ABOUT THIS EXERCISE:
Write out only the opening lines of the entries, through the line with "Kwila decking, accessed".

┄┄┄┄┄┄┄┄┄┄

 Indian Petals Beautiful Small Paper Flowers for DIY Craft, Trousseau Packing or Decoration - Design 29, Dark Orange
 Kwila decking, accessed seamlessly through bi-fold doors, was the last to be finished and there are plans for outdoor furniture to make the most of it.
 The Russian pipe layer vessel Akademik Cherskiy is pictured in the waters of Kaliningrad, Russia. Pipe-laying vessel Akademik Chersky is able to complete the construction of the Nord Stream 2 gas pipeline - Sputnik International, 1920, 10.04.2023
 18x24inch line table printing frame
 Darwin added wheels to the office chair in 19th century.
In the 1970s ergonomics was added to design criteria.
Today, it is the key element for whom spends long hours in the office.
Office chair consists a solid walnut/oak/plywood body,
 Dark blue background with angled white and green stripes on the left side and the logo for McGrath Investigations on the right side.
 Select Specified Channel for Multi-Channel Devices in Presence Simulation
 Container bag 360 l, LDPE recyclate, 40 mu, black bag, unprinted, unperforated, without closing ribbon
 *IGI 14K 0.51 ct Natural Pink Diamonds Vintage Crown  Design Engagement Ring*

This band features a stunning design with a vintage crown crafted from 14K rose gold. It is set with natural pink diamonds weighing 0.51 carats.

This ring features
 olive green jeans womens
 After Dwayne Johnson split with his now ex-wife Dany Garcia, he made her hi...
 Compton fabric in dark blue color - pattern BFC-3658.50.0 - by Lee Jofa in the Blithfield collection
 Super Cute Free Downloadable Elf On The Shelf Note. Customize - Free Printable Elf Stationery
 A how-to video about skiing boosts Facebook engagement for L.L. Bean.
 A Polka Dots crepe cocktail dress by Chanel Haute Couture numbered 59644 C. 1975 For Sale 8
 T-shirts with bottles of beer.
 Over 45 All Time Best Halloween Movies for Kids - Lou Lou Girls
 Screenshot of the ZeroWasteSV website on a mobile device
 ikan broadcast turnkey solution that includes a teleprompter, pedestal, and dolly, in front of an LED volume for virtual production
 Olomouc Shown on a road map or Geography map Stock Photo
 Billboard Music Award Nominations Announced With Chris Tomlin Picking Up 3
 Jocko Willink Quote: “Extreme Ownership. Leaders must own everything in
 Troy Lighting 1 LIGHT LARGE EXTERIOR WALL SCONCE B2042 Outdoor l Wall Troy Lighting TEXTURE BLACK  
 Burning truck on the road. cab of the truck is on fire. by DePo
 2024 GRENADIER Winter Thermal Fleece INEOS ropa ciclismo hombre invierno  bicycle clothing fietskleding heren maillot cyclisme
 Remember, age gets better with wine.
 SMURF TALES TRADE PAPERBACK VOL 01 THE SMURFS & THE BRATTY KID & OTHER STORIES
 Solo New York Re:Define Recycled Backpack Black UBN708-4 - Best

┄┄┄┄┄┄┄┄┄┄

REPLY:
 Indian Petals Beautiful Small Paper Flowers for DIY Craft, Trousseau Packing or Decoration - Design 29, Dark Orange
 Kwila decking, accessed seamlessly through bi-fold doors, was the last to be finished and there are plans for outdoor furniture to make the most of it.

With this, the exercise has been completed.